Gravitational lensing

[Rex King]

I was trained as an electrical engineer but only used the calculus twice early in my working life and now in retirement could not attempt its use. I seek enlightenment about an accepted scientific fact. It concern gravitational lensing or microlensing. The accepted brightening effect of a star passing behind a black hole screams at me that it cannot be so. I expect to be proven wrong.

 

A standard convex lense has but one focal length so that light converges from lense to focal length and diverges beyond that point. Beyond two focal lengths its brightness is less than it was when reaching the lense.

 

A gravitational lense has a continuous focal length. That is, that at increasing radii the focal length increases. Thus in a point light source ,gravitational lense and observer scenario the dimming and lightening effect should exactly cancel out.
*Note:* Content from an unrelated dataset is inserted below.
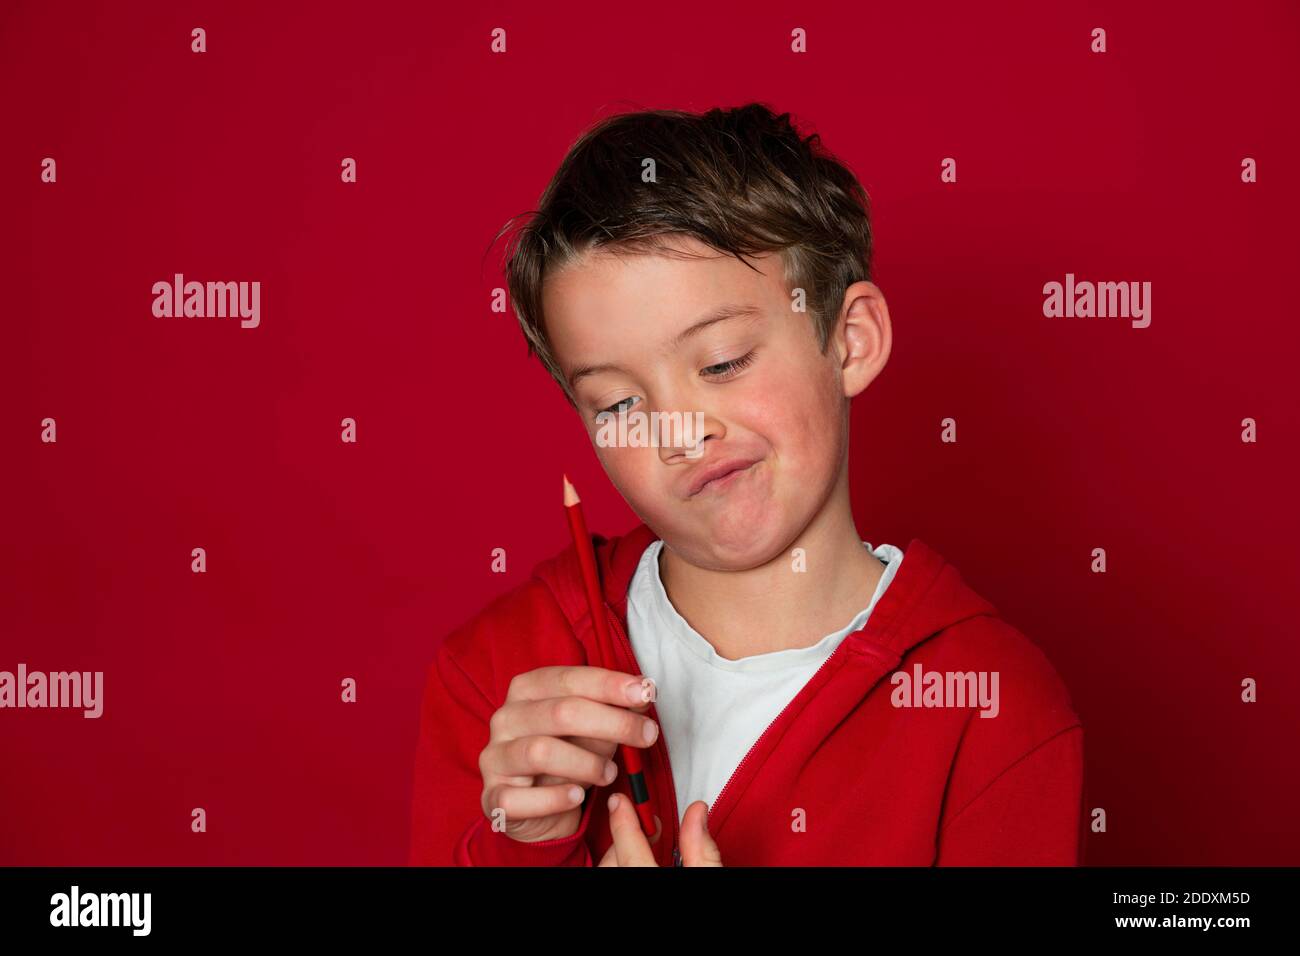 un jeune garçon d'école cool pose avec un crayon rouge avant d'arrière-plan rouge Banque D'Images
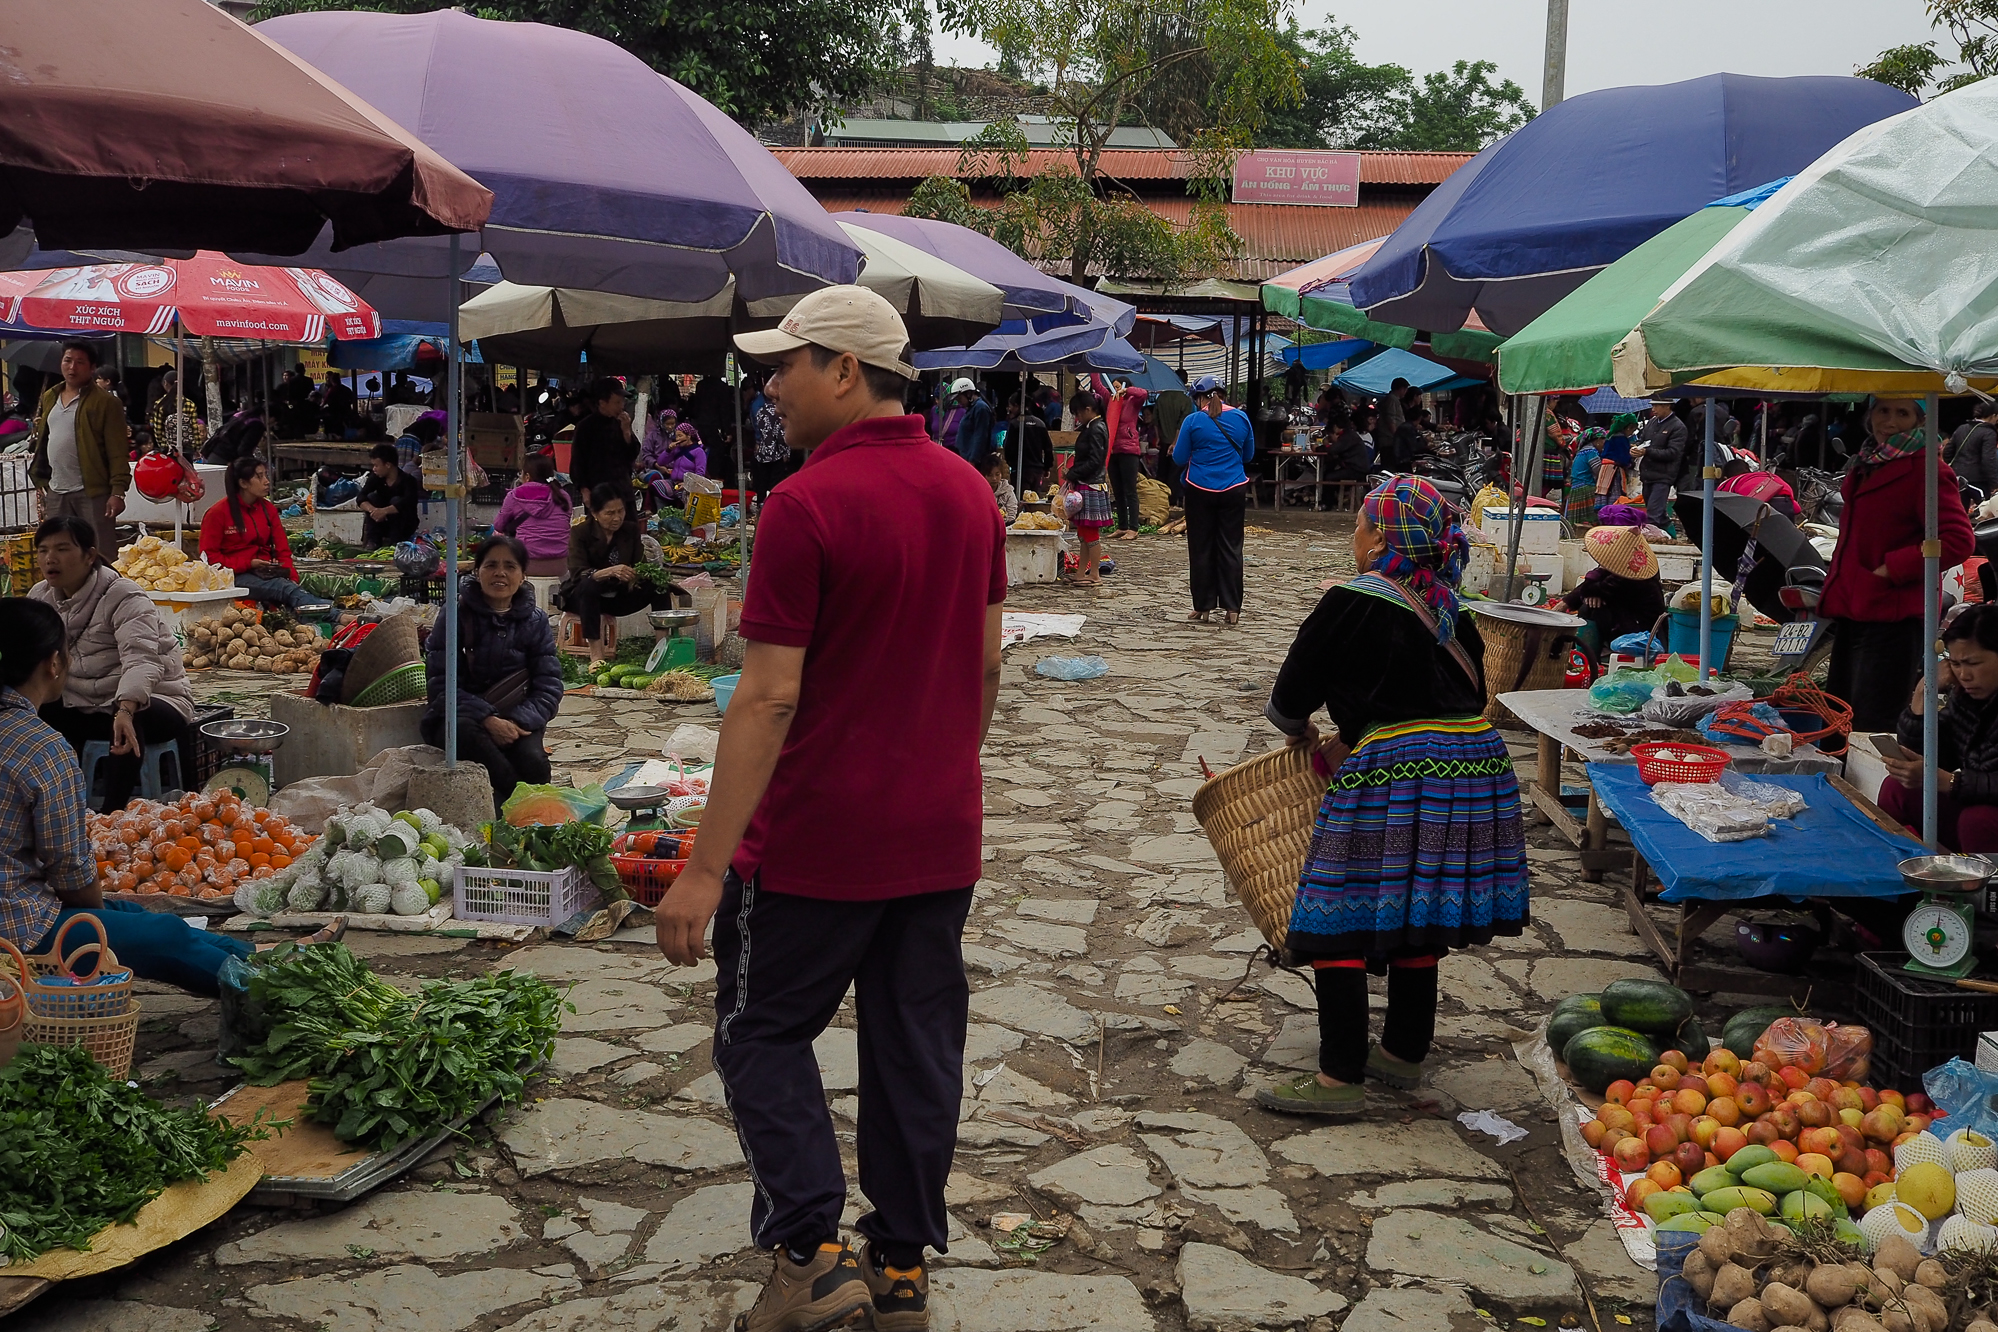 visiter Bao lac marché nord vietnam

One may also consider the fact the lensing effect causes the light to converge circumfrencially but diverge radially. Again these factors should cancel out.

 

That which I envisage would be seen by an observer at any focal length would be the star dimming and growing ‘horns’ as it approached alignment. Faint light passing behind the mass and bending would appear, intensify growing opposing horns and at complete alignment create a halo around the mass. This would continue in reverse order subsequent to alignment.

 

Is there, or has there been, a competent mathematician who can write or has written a computer program which depicts that which would be seen by an observer? I have been unable to find such on the internet.

 

 

 

 

[ajb]

Is there, or has there been, a competent mathematician who can write or has written a computer program which depicts that which would be seen by an observer?

 

The short answer is yes. People have written software programmes to study gravitational lensing. A friend of mine wrote/adapted something for his masters thesis.

 

 

I have been unable to find such on the internet.

 

I don't know what packages or programmes are available to you. Computational astrophysics and astronomy is outside my area of expertise. You could try sending an email to an astronomer at you nearest university. They should have a better idea than I do.